RomanDuVin.ch is a monthly magazine specialized on the world of the wine in Swiss French. Inaugurated on April 5th 2005, it was elaborated further to a series of observations made by its chief editor during a university work dealing with the tasting and with his vocabulary in the Hispanic countries. This one realized that:
While for French, American or Spanish wines, a plentiful documentation is on internet at disposal of the curious, as regards the Helvetian vine growing, there is no interesting and independent platform of French-speaking Switzerland.

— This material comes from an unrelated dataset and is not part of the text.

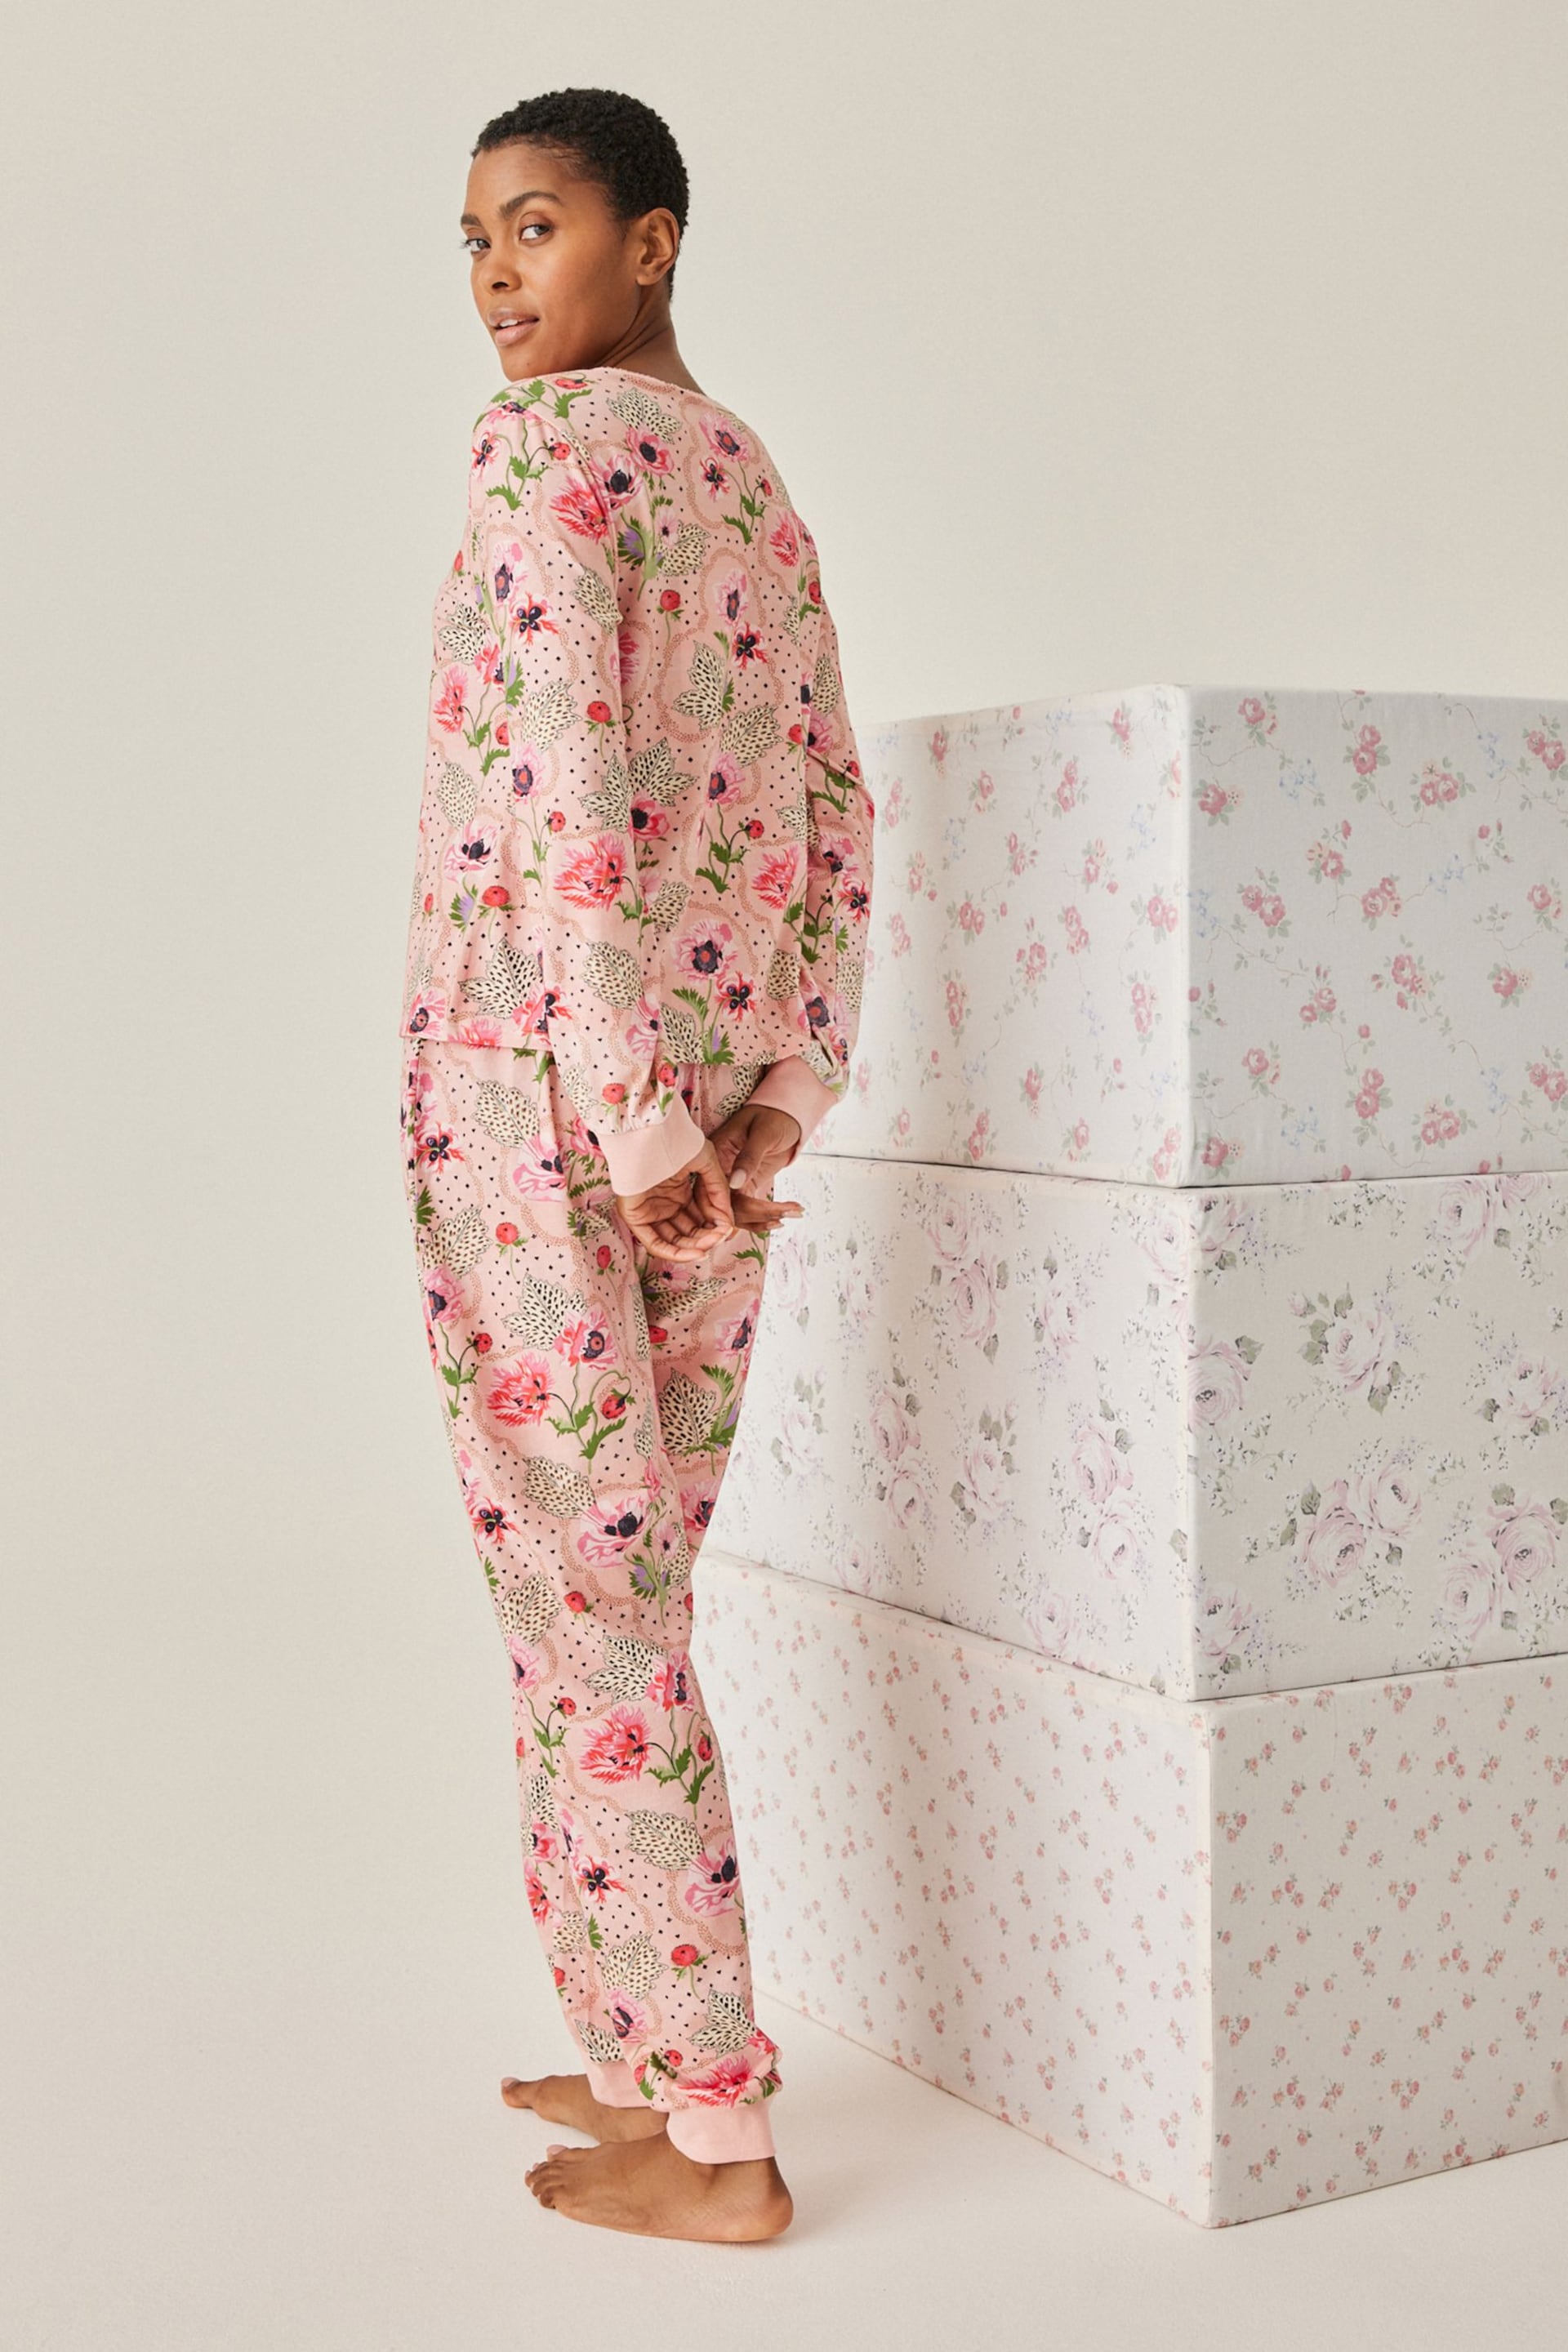 Cath Kidston Pink Floral Print Cotton Henley Pyjamas - Image 5 of 12

As regards the literature on the subject, bookshops propose almost only works written by foreign authors who, or know anything in the situation of the regional vineyard, or lose interest in it under pretext that they do not find our wines in their country of origin.
As regards the too rare evocations of the Swiss wine in the media or the publishing, they have difficulty in interesting a public of non-specialists and ignore that, in our time, the consumers, do not see any more the wine as a simple drink, but as the symbol of an art to live and on a culture. Without counting that most of them result from bodies of promotion and reflect more the concerns of these entities than they satisfy the curiosity of the reader.
Further to this absence of adapted documents, the public, the foreigner as well as native, considers that the Swiss wine is " without history(ies) ". Now nothing more wrong, the national vine growing made amazing progress these last decades. Without counting that it possesses traditions and sometimes vintage wines unique in the world, which give up not at all to those of their prestigious nearby.
RomanDuVin.ch embodies this will to rehabilitate this vine growing of French-speaking Switzerland " without history(ies) ". By presenting the traditions, the progress as well as the innovations of this vineyard Helvetian, but also its erring ways or its lapse, our website wishes to integrate into the circle of the amateurs of the Swiss wine these more feminine, younger public, and less wealthy, traditionally forgotten.